_WHAT IS REQUIRED_
The lines from the one with "Olimp Gladiator High Protein Bar 60g" through the last line of the material below, copied exactly and free of pictures, make up the whole answer.
#### PROVIDED DATA ####
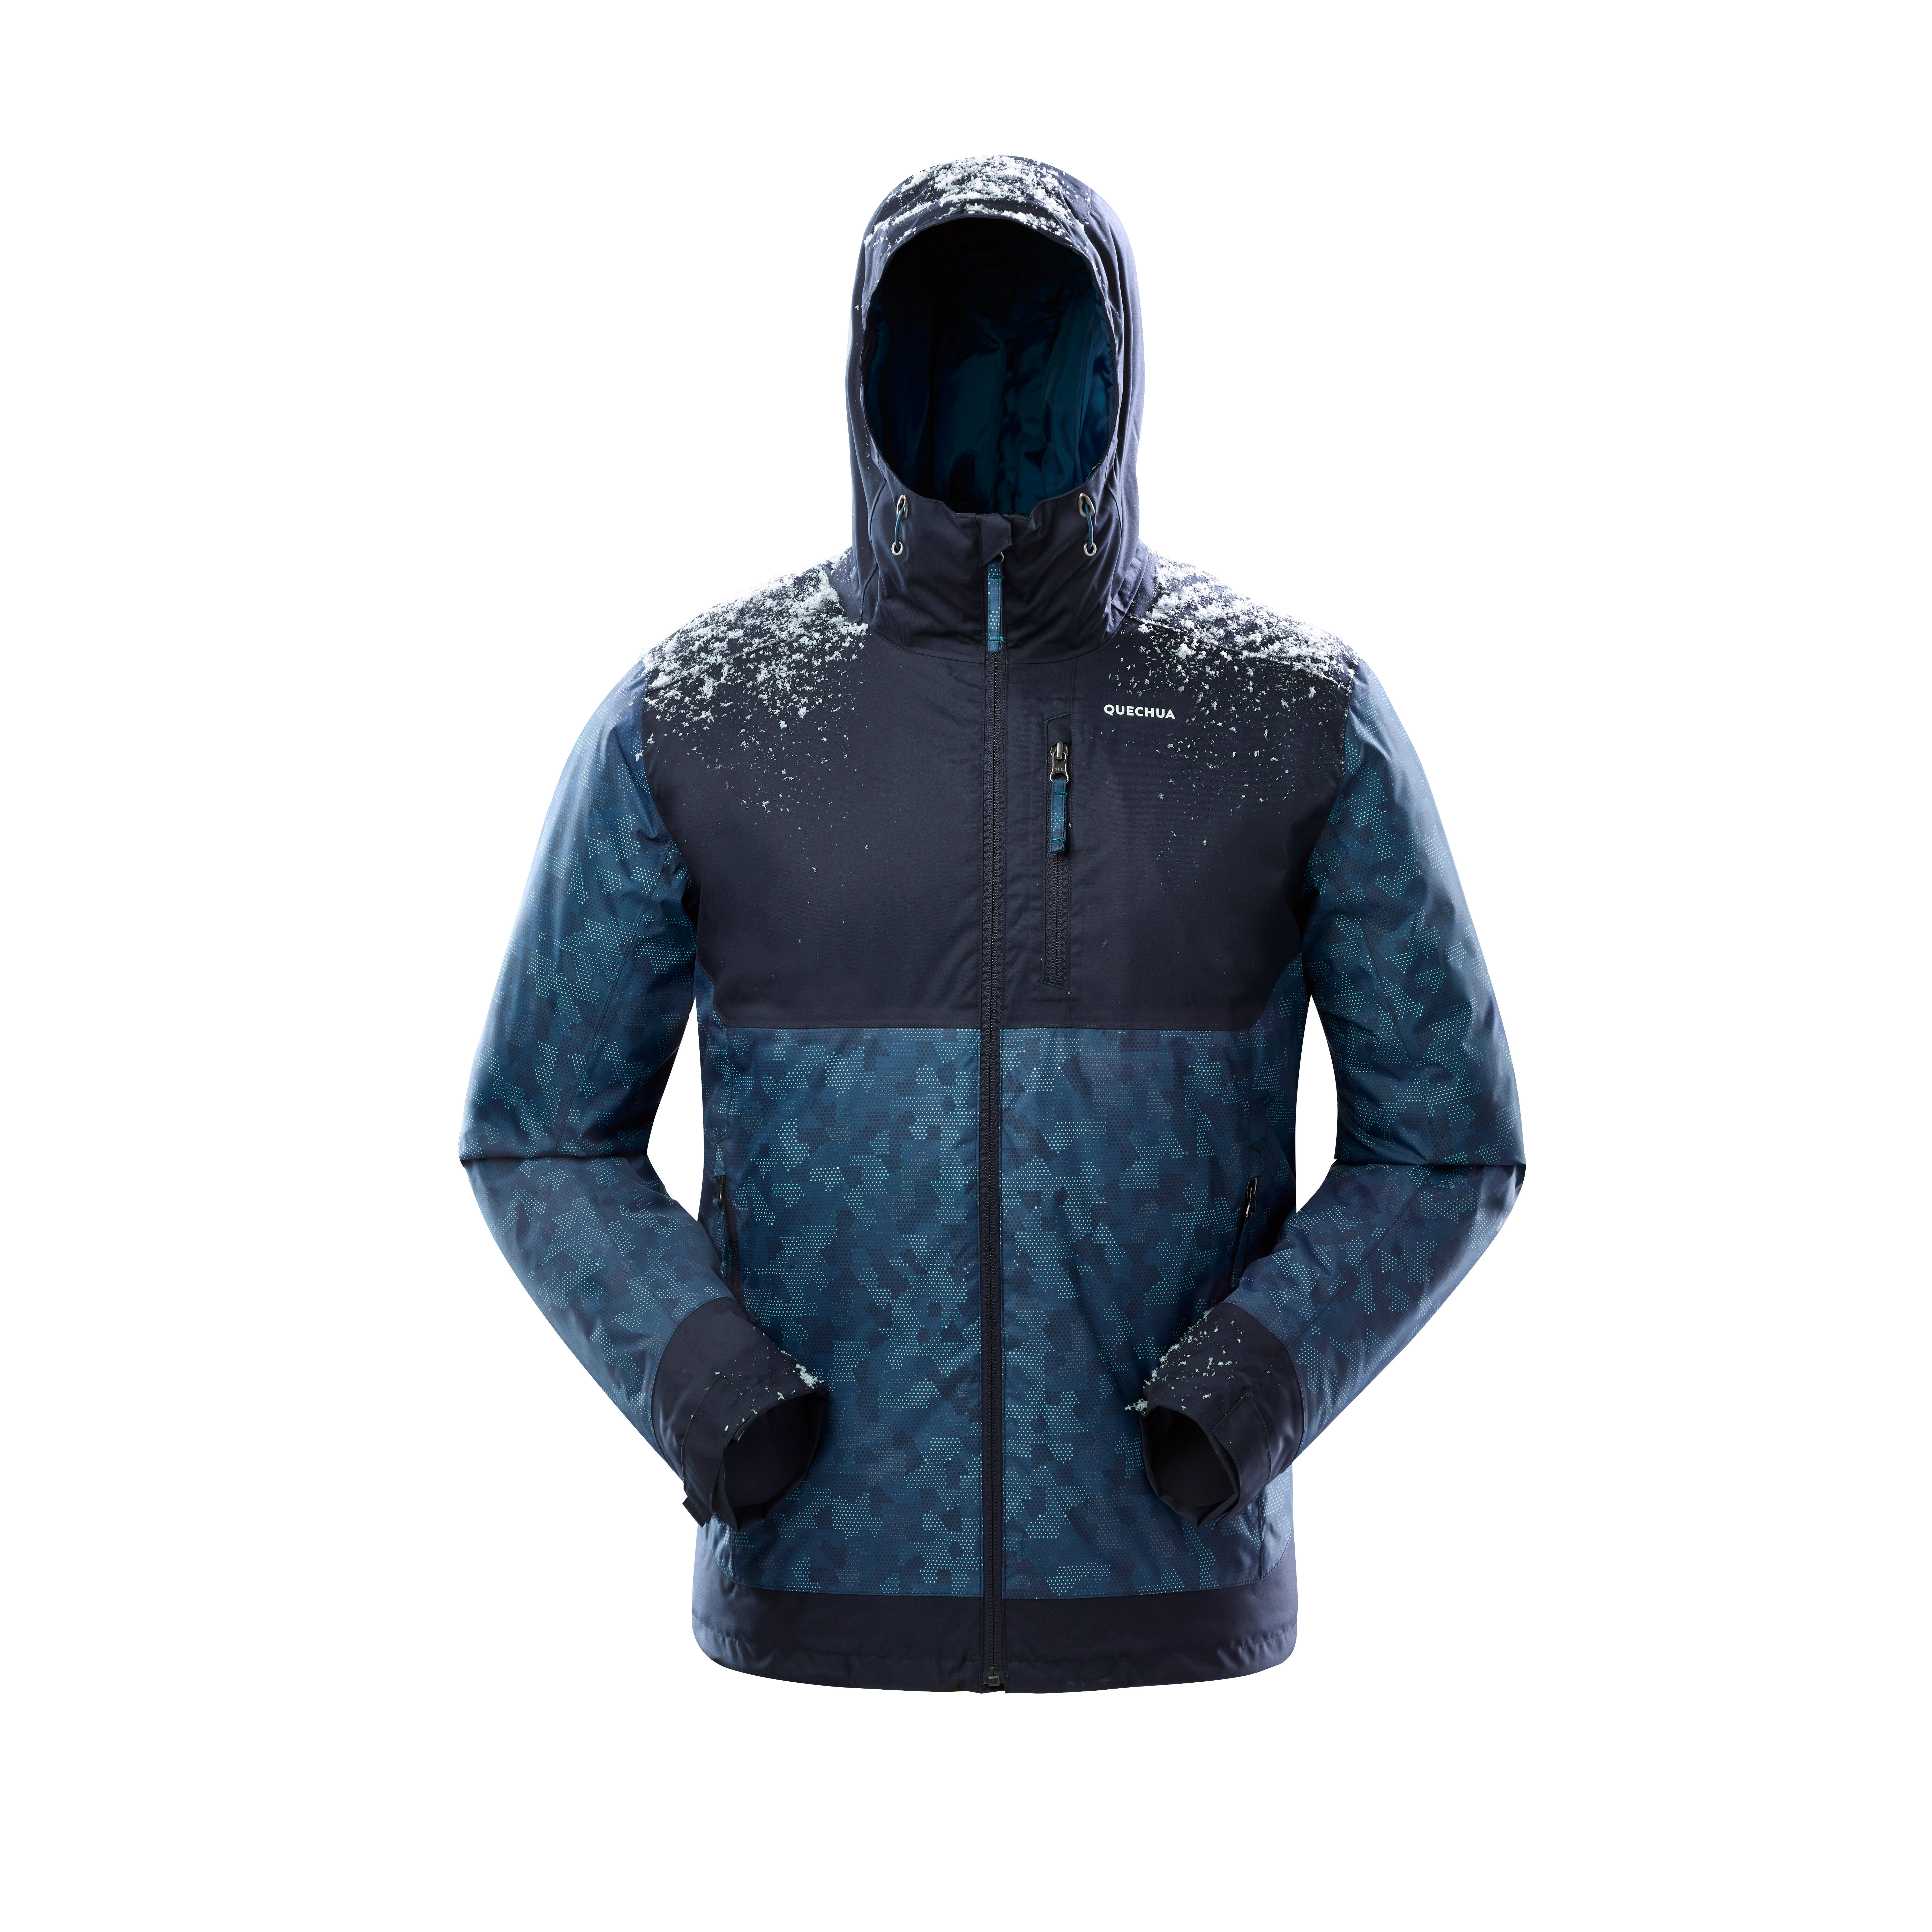 Men's Warm Hiking Fleece Jacket SH500 QUECHUA | Decathlon
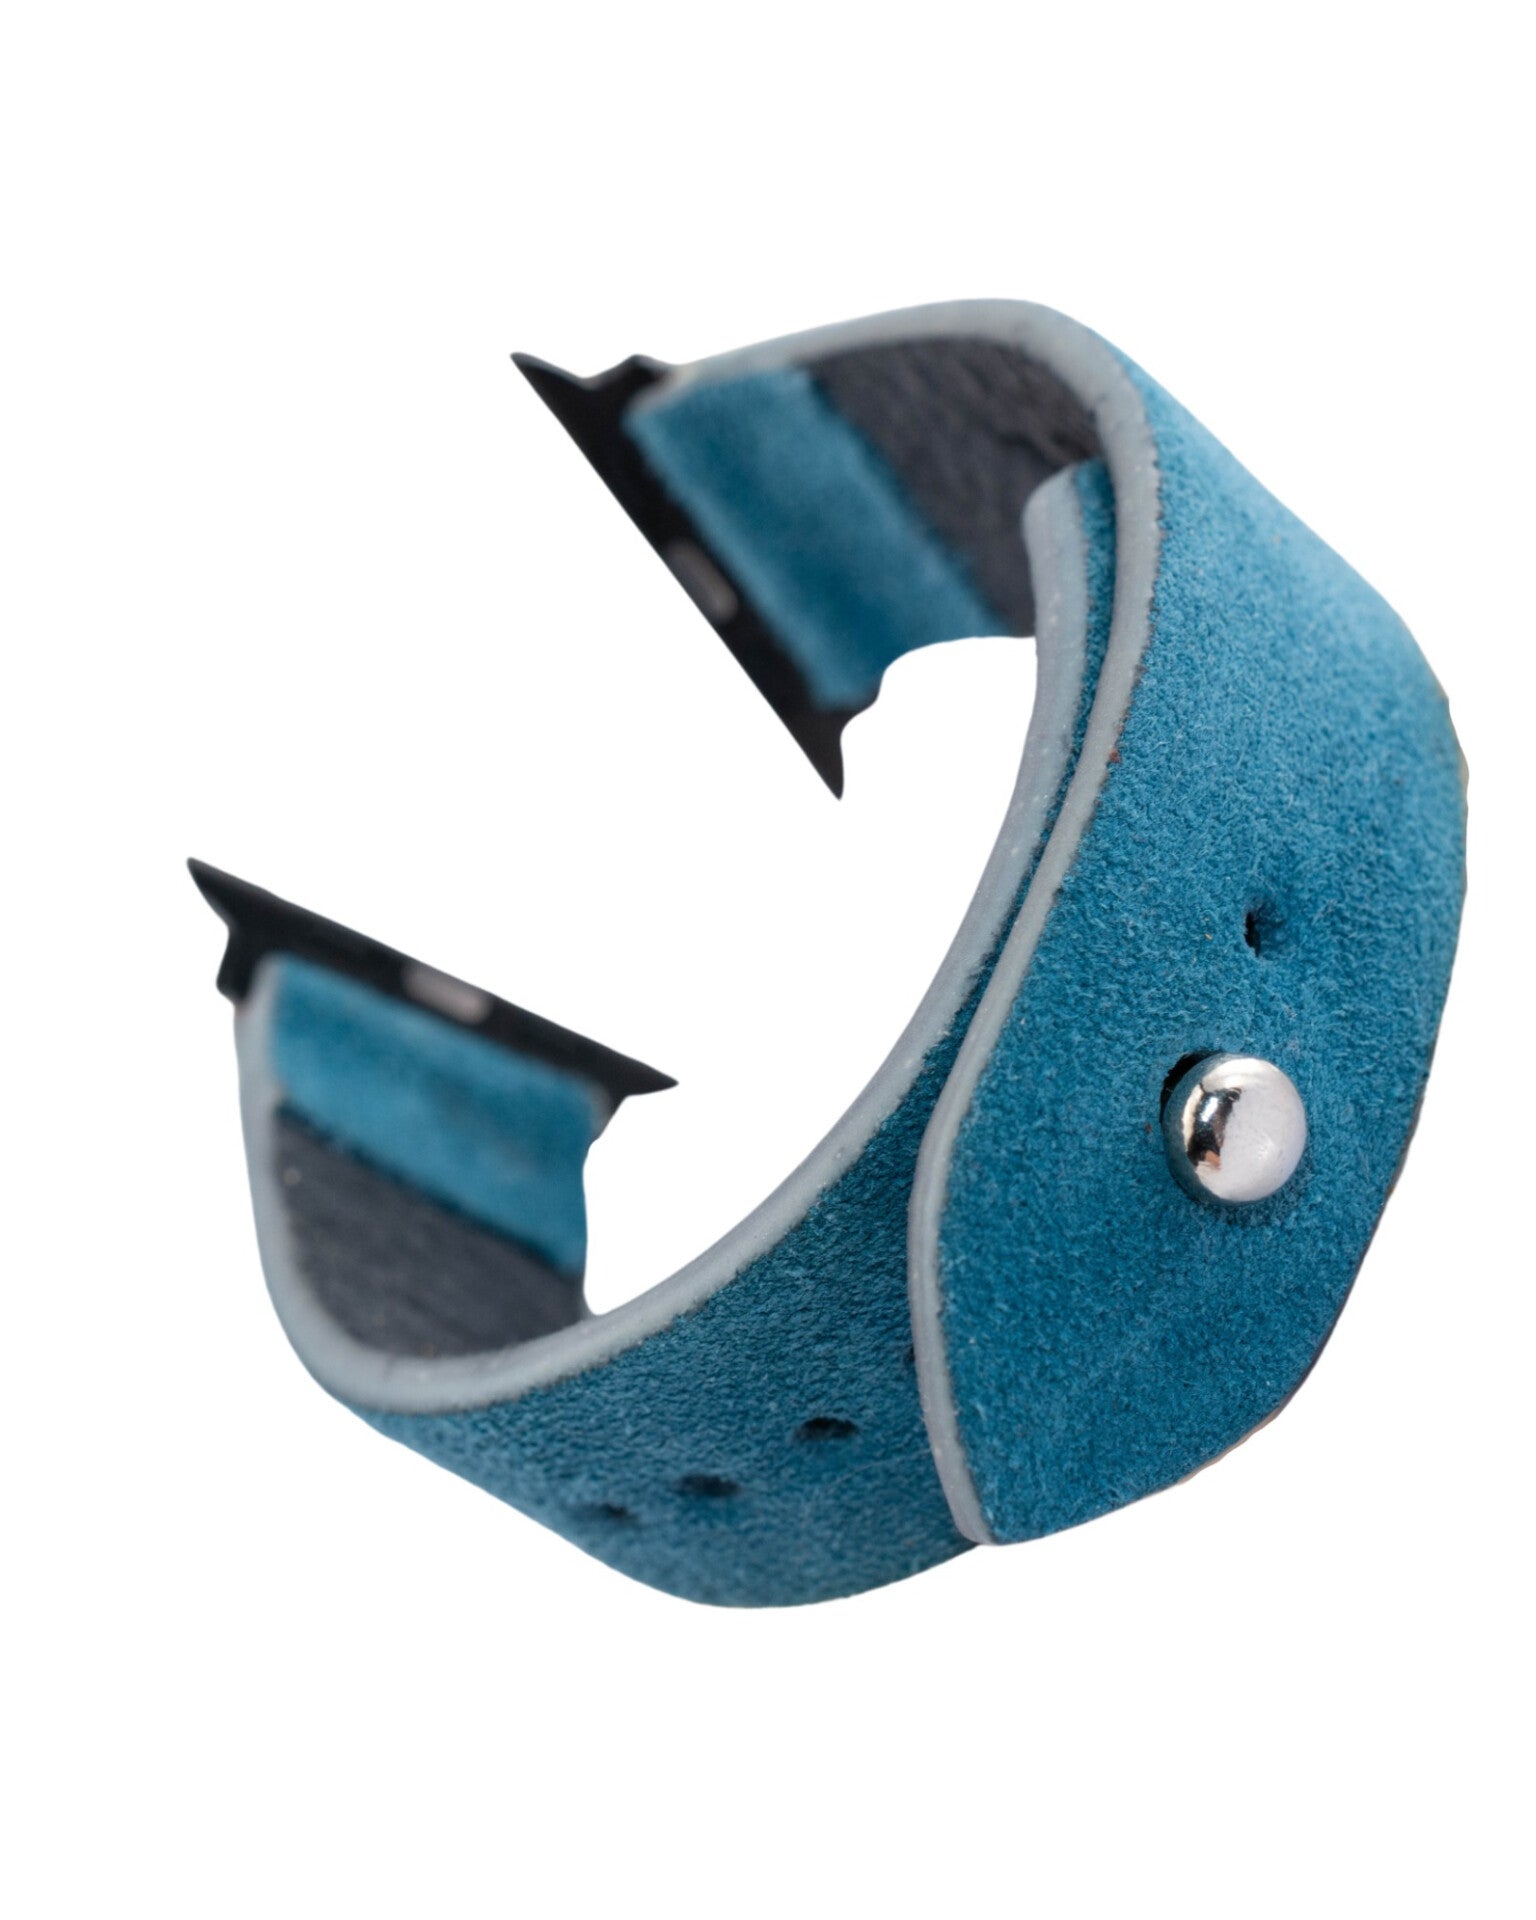 Cyan Blue Apple Watch Strap - Suede Leather Strap
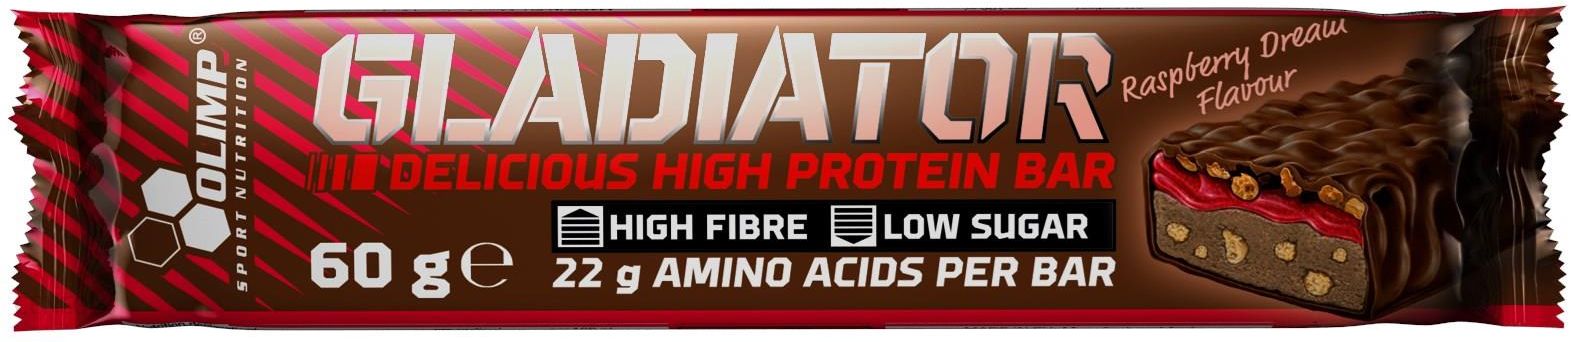 Olimp Gladiator High Protein Bar 60g
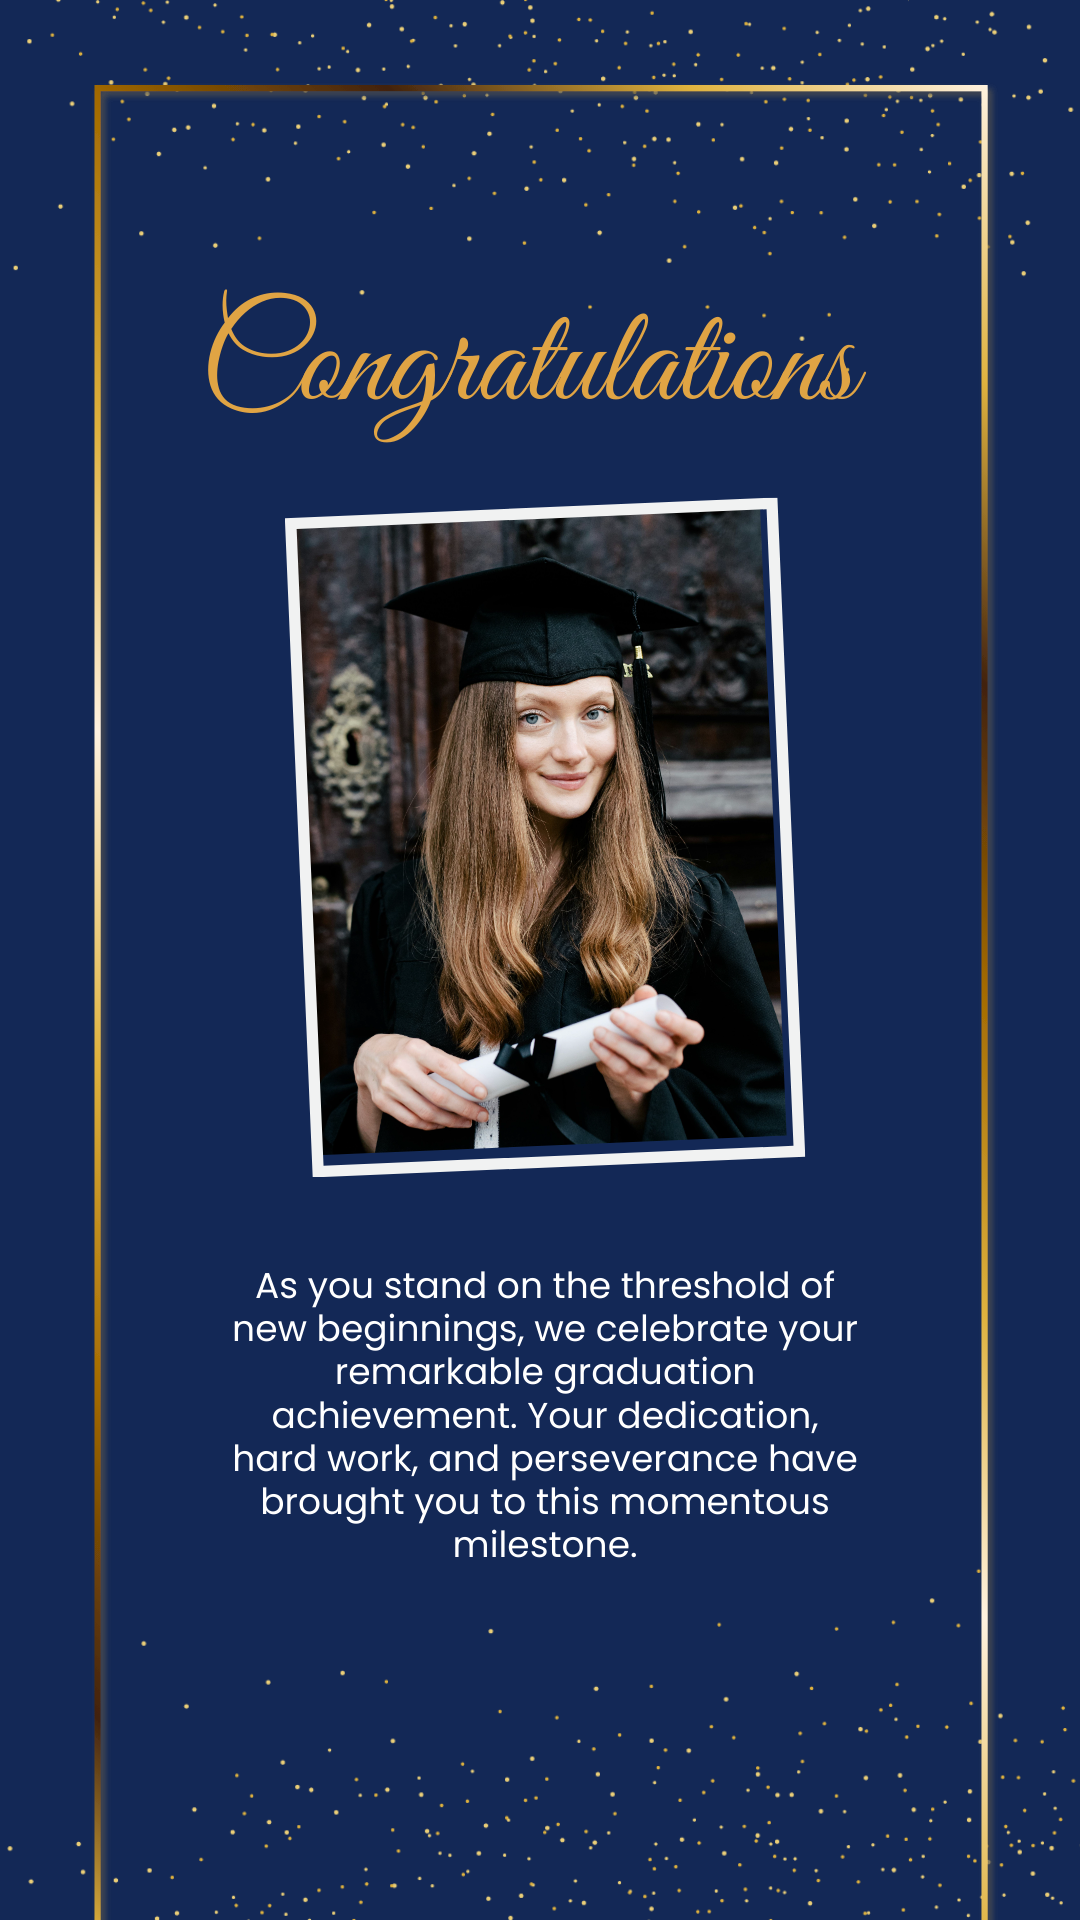 Congratulations to graduate Greeting Card
####
_EXERCISE RESPONSE_
 Olimp Gladiator High Protein Bar 60g
 Congratulations to graduate Greeting Card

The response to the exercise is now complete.